In all 798 Lu He patients (53.4% women), age averaged (SD) 60.6 (12.9) years, body mass index 25.6 (3.6) kg/m2, and blood pressure 134.9 (20.7) mm Hg systolic and 80.4 (20.7) mm Hg diastolic. Mean values were 1.75 (1.15) mmol/L for triglycerides, 4.70 (1.08) and 1.08 (0.28) for total and HDL-cholesterol, respectively, and 97.3 (26.0) mL/min/1.73 m2 for eGFR. Geometric means were 1.03 (IQR, 0.69–1.58) for HOMA-IR and 0.40 nmol/L (IQR, 0.26–0.62) for C-peptide. Of the 798 diabetic patients, 605 (75.8%) had dyslipidaemia and 428 (53.6%) had hypertension. In all 1060 FLEMENGHO participants (50.6% women), age averaged 51.1 (15.6) years, body mass index 26.2 (4.2) kg/m2, and blood pressure 130.2 (17.0) mm Hg systolic and 80.8 (9.5) mm Hg diastolic. Mean values were 1.62 (0.88) mmol/L for triglycerides, 5.10 (0.93) and 1.48 (0.38) for total and HDL-cholesterol, respectively, and 86.1 (23.6) mL/min/1.73 m2 for eGFR. Geometric means were 0.64 (IQR, 0.40–0.95) for HOMA-IR and 34.5 pmol/L (IQR, 21.5–50.9) for insulin. Of the 1060 non-diabetic participants, 747 (70.5%) had dyslipidaemia and 331 (31.2%) had hypertension. S1 Table describes the use of drugs for diabetes, dyslipidaemia and hypertension by drug class in the two study populations.

Unadjusted analyses

We explored trends in the main variables across thirds of the distribution of the indexes of insulin resistance. In Lu He patients, the prevalence of dyslipidaemia (p = 0.0001), hypertension (p = 0.0027), history of cardiovascular disease (p = 0.0304) and renal dysfunction (p = 0.0002) increased with higher HOMA-IR category (Table 1). Body mass index (p<0.0001), diastolic blood pressure (p = 0.0053), serum triglycerides (p<0.0001) and both the white blood cell (p = 0.0014) and neutrophil counts (p = 0.030) increased with higher HOMA-IR, whereas HDL-cholesterol showed the opposite trend (p<0.0001). Among Flemish people, the prevalence of dyslipidaemia (p<0.0001), hypertension (p = 0.0011) and renal dysfunction (p = 0.0125) increased across thirds of the HOMA-IR distribution (Table 1).

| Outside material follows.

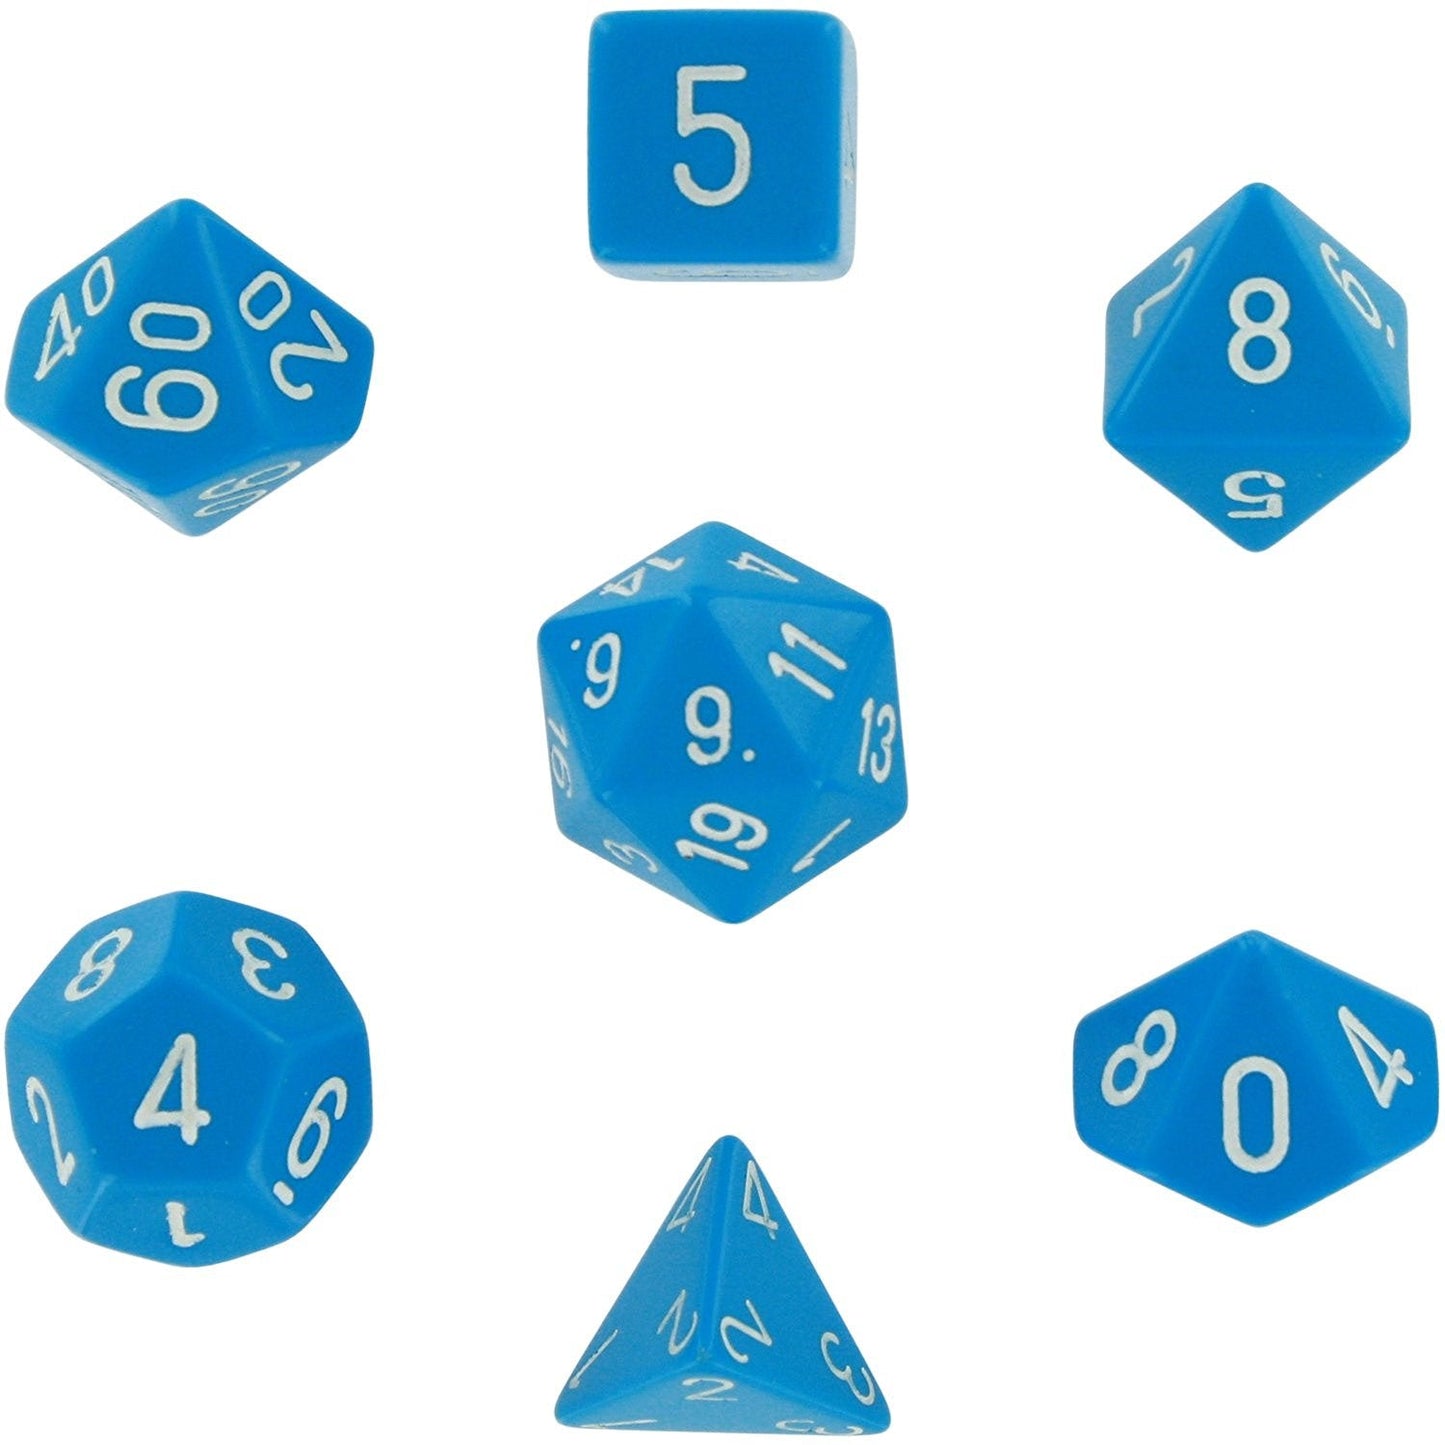 Chessex Dice: 7 Die Set - Opaque - Light Blue with White (CHX 25416) - Gamescape
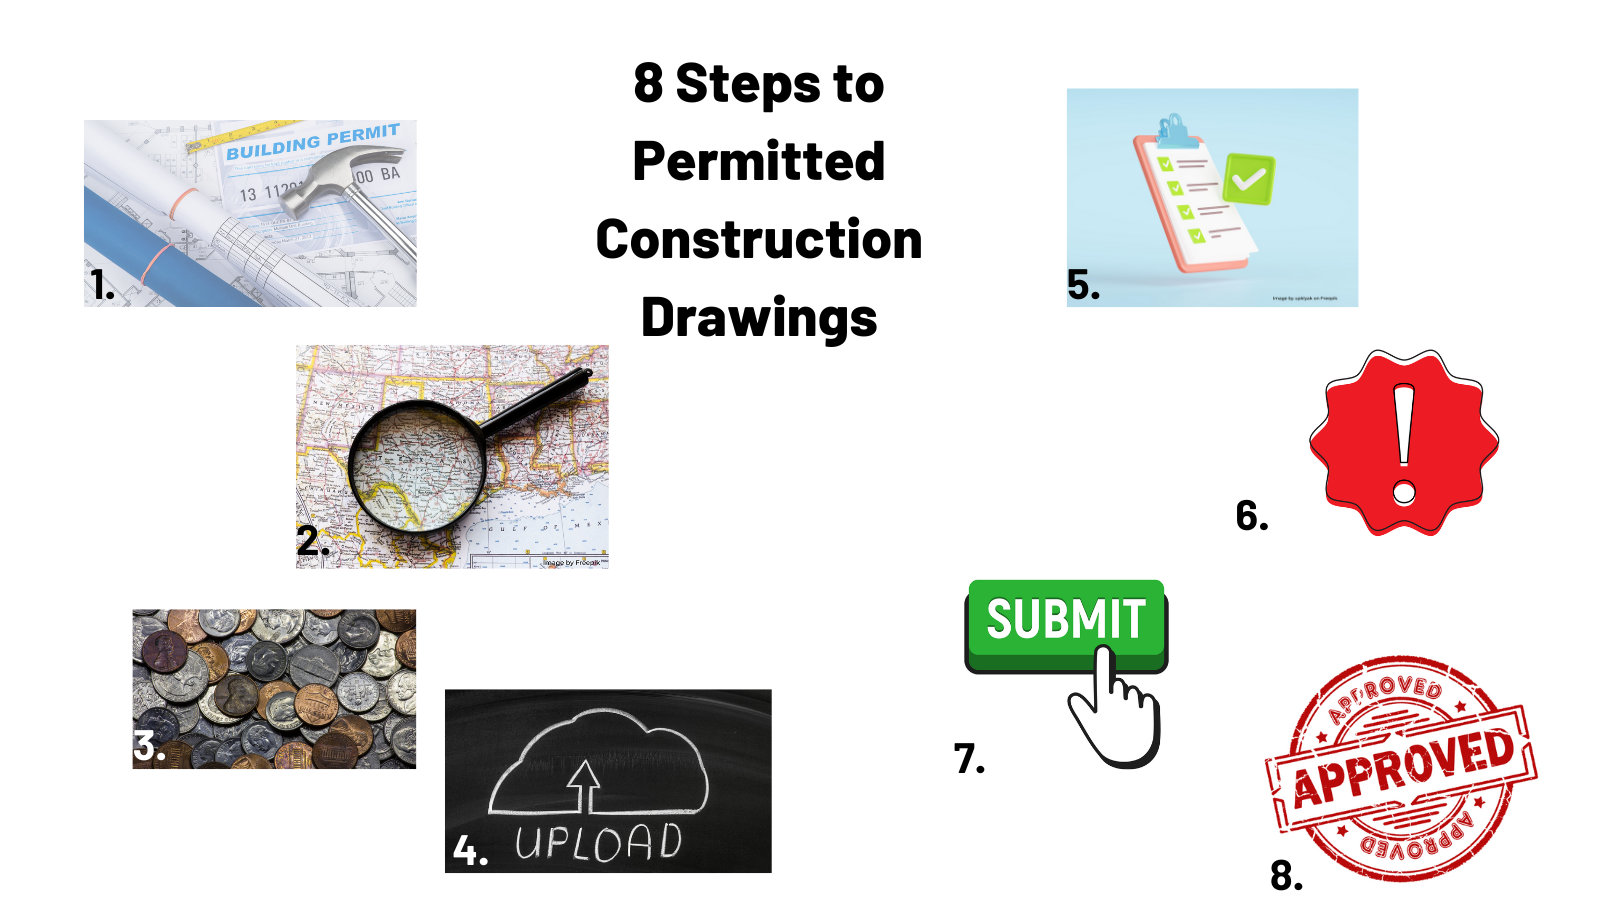 Step 4: Obtaining Permitted Construction Drawings

Body mass index, (p<0.0001), systolic blood pressure (p<0.0001), serum triglycerides (p<0.0001) and the neutrophil count (p = 0.019) increased with higher HOMA-IR, whereas HDL-cholesterol showed the opposite trend (p<0.0001). Analyses across thirds of the C-peptide distribution in Chinese diabetic patients and across thirds of the insulin distribution in non-diabetic Flemish produced results similar to those associated with HOMA-IR computed from these variables (S2 Table and Fig 1).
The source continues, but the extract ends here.